Sollte die FK-S den Antrag der Kommission ablehnen, wird die WAK-S ihrem Rat bei der Beratung des Nachtrags I zum Voranschlag den entsprechenden Betrag in Form eines Einzelantrags beantragen.

Bundesunterstützung für Lehrbetriebe

Während in dieser Zeit des Jahres normalerweise sehr viele Lehrstellen angeboten werden, wurden im April aufgrund der Gesundheits- und Wirtschaftskrise deutlich weniger Lernende angestellt. Zudem besteht die Gefahr, dass Lernende ihre Lehrstelle verlieren, da einigen Unternehmen der Konkurs droht. Die Kommission ist sich dieser Problematik bewusst und hat deshalb mit 9 zu 0 Stimmen bei 3 Enthaltungen eine Motion (20.3163) eingereicht, die den Bundesrat auffordert, dafür zu sorgen, dass die Lehrbetriebe trotz der aktuellen Krise Lernende anstellen.

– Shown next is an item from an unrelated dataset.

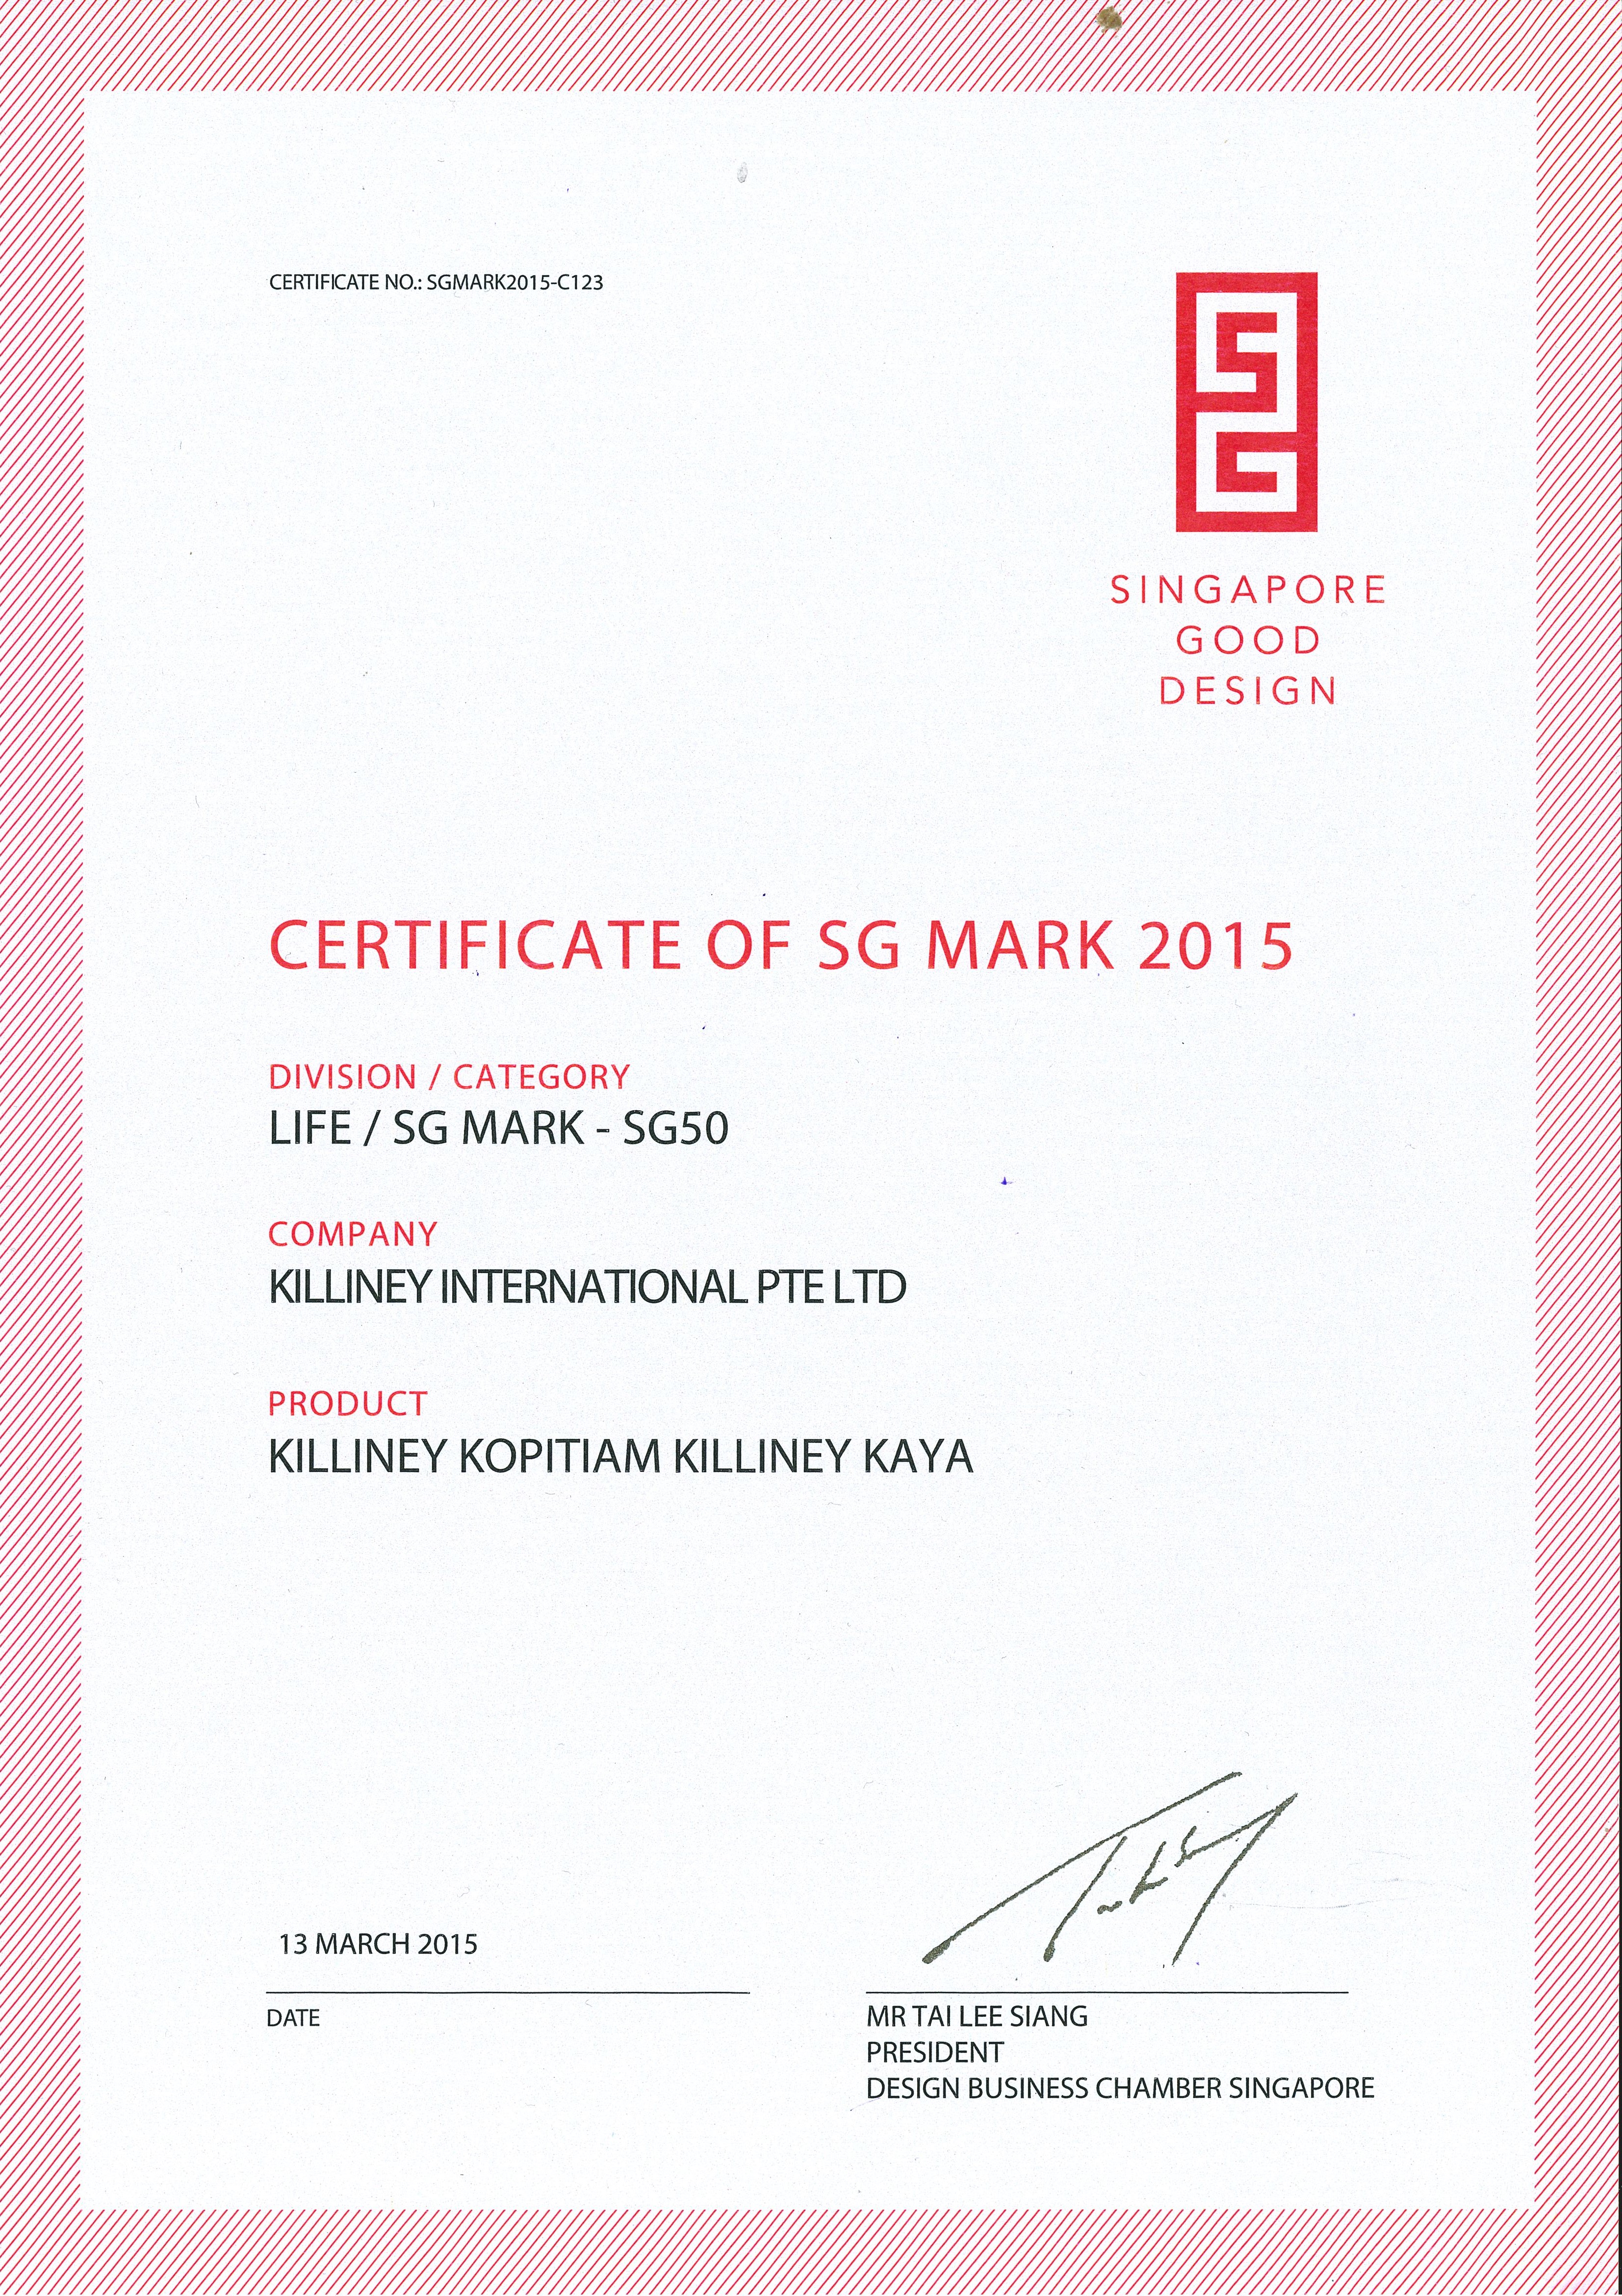 Certificate of SG Mark 2015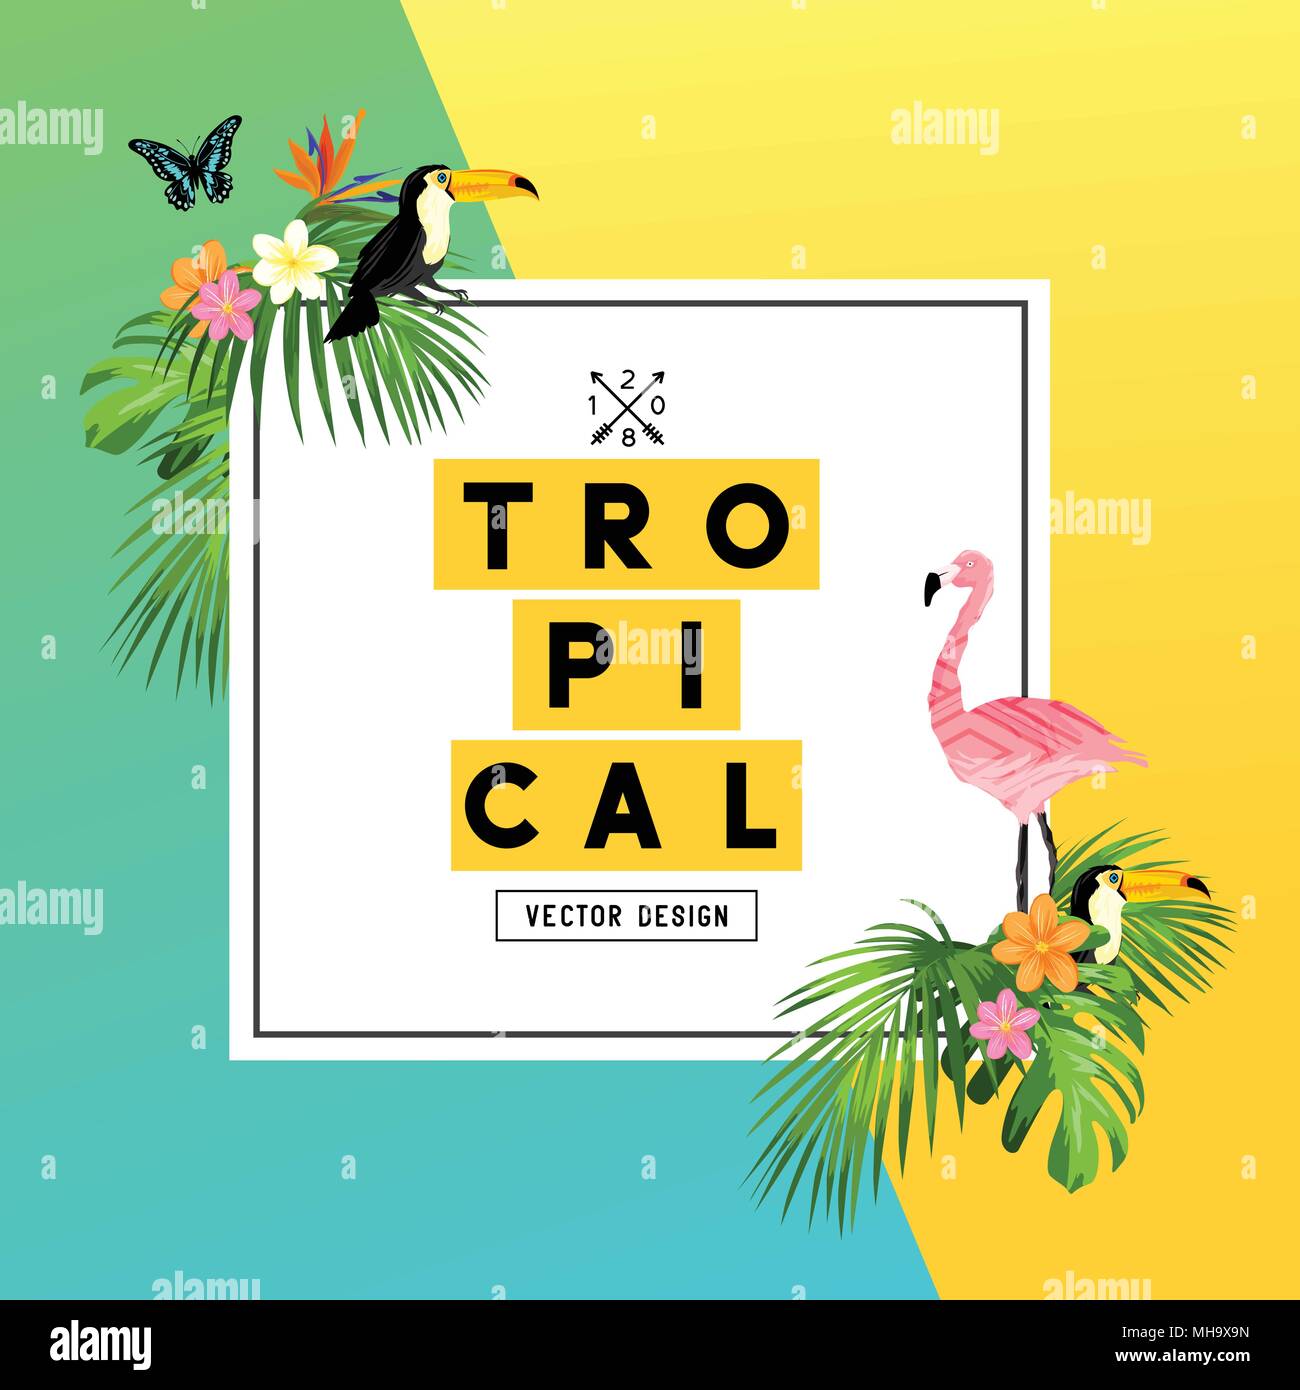 Un été tropical lumineux et colorés avec des oiseaux tropicaux, a young woman in a jungle et feuilles de palmier. vector illustration. Illustration de Vecteur

In Absprache mit den Kantonen und den Organisationen der Arbeitswelt sollen gezielte und differenzierte Unterstützungsmassnahmen erarbeitet werden.

 

Die Kommission hat am 28. April 2020 unter dem Vorsitz von Ständerat Levrat Christian (SP/FR) und teilweise in Anwesenheit von den Bundesräten Alain Berset und Guy Parmelin in Bern getagt.